Talk:Vocabulary/ModifierTrains

From J Wiki
Jump to navigation Jump to search

Terminology

This page would benefit from careful terminology, to distinguish between various parsing actions such as evaluation (of a verb, adverb or conjunction), hook formation, and fork formation. From a casual perspective, these might seem to be unnecessary (after all, english language words naturally contain ambiguities), but how else can we convey the distinction between trains and other aspects of J?

Important concepts include:

parse actions
these are the "atomic" steps which result in an evaluation action or train formation or assignment
Evaluation
If we use "evaluation" to refer to any parsing action, then we need more words to indicate we're talking about verb/adverb/conjunction evaluation.
Hook/Fork creation
Trains are formed in parsing actions which can never by itself result in an error. [: [: [: is a valid fork even though its domain is empty. Similarly, C C C where C=: 2 :'assert 0' is a valid modifier train even though it can never be evaluated.
Arguments
Evaluation can only occur when arguments are present, and modifier trains require memorizing (or consulting a reference to find) where the train's arguments are used.

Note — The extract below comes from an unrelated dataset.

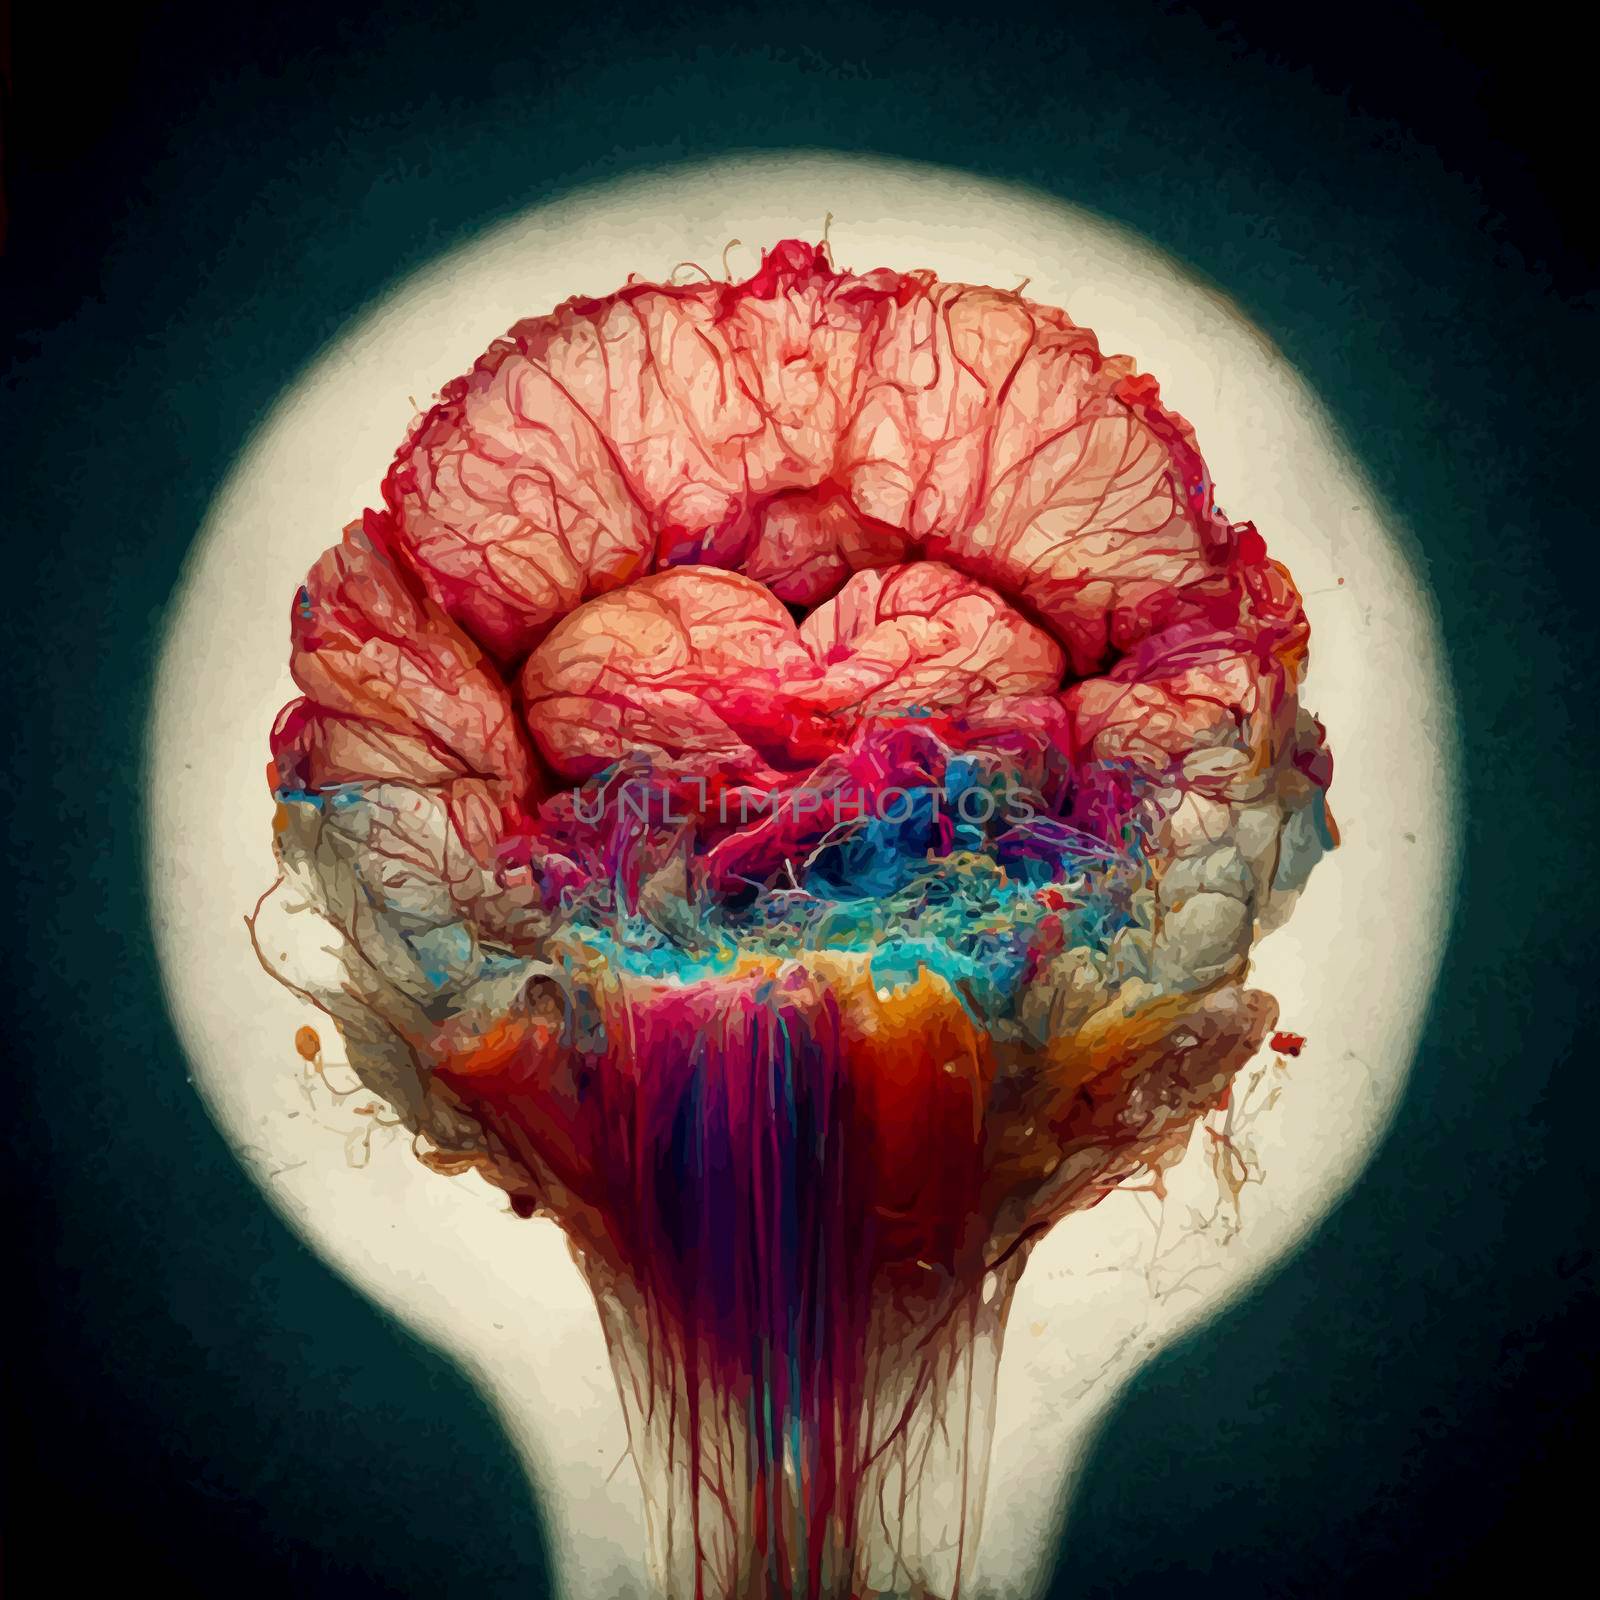 realistic illustration of the human brain. parts of the brain

Currently, this page needs to do a better job of distinguishing between evaluation and hook/fork creation. The rest of this list (which might be incomplete?) is for emphasis. --Raul Miller (talk) 18:36, 10 July 2024 (UTC)

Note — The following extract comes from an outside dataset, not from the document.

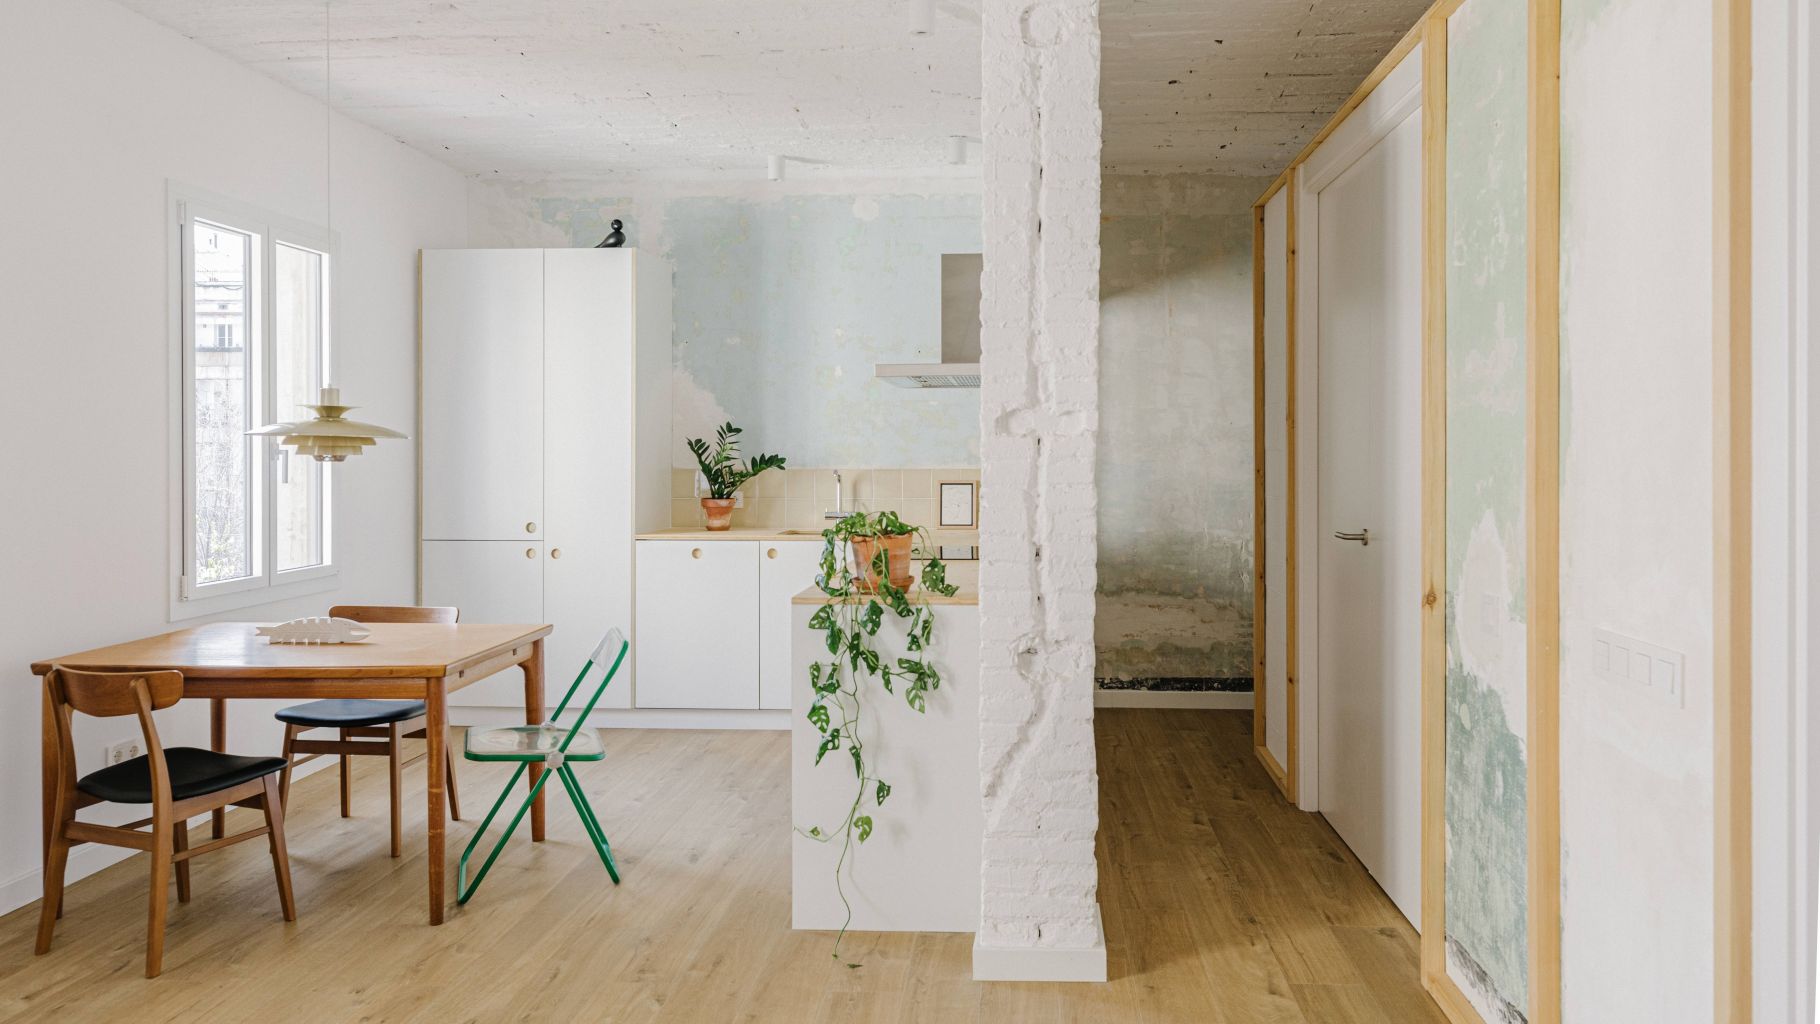 FULL RENOVATION OF A FLAT IN EIXAMPLE 1

It should be clarified that e.g. VAA is not a train at all—"train" as originally defined in the J dictionary is "[a]n isolated sequence, such as (+ */), which the "normal" parsing rules ([i.e. those] other than the three labelled trident and bident) do not resolve to a single part of speech". As such, discussion of intermediate parsing steps in arbitrary non-noun word sequences is not fundamentally related to MT's.
Correspondingly, the glossary definition, and that used on the MT's page, should be changed to the dictionary definition. The current glossary definition, unlike Iverson's dictionary definition, would admit VA and VCV as trains since the results are non-nouns. Meanwhile, that offered on the MT page would do so because no verb is evaluated. The dictionary definition gives a much more useful distinction; we want a term to distinguish between e.g. VACV and VVV, as both the parsing dynamics and the interpretation rules are different between them. VCV can already be referred to as a tacit verb or verb phrase.

Not a train

This section refered to an old version of this page. --Raul Miller (talk) 14:59, 6 July 2024 (UTC)

CAUTION: as of 6 July 2024, the overview table omits some of the examples where the result of an intermediate phrase results in the construction of a modifier train. Those (including examples like VNC which are included in the table (VNC because the only other possibility is an error when evaluating the verb)) should probably be instead listed in a separate table.

Currently the Modifier Trains table includes some rows which are not modifier trains. But it's also missing some examples of such things.

These may be noun phrases: NAA VAA VNA VVA NAN VAN NCN VCN NVN VVN NCV VCV NA VA VN

These are verb forks: NVV VVV

These may be verb hooks: VNA VVA NAV VAV VV (VV is always a verb hook)

These may be verb phrases: NNA VNA NVA VVA NAA VAA NCN VCN NCV VCV NA VA

These may be adverb phrases: NAA VAA NCN VCN NCV VCV NA VA

These may be conjunction phrases: NAA VAA NCN VCN NCV VCV NA VA

Meanwhile, these may produce modifier trains (in some cases because of a contained phrase which produces the necessary intermediate result):

  AAA CAA NAA VAA ACA CCA NCA VCA ANA AVA NNA VNA NVA VVA 
  NAC VAC ACC CCC NCC VCC VNC CVC VVC NAN VAN ACN CCN AAV 
  NAV VAV ACV CCV AVV CVV  AA CA AC CC NC VC CN AV CV                                                      

While these all seem to always create errors:

  CNA CVA AAC CAC ANC CNC NNC AVC NVC AAN CAN ANN CNN NNN 
  VNN AVN CVN CAV ANV CNV NNV VNV AN  NN  NV              

I'm currently not sure whether it would be better to remove rows from the table which do not produce modifier trains or whether it would be better to add rows (and examples) for the cases which are not errors but which are currently missing from the table. --Raul Miller (talk) 08:13, 6 July 2024 (UTC)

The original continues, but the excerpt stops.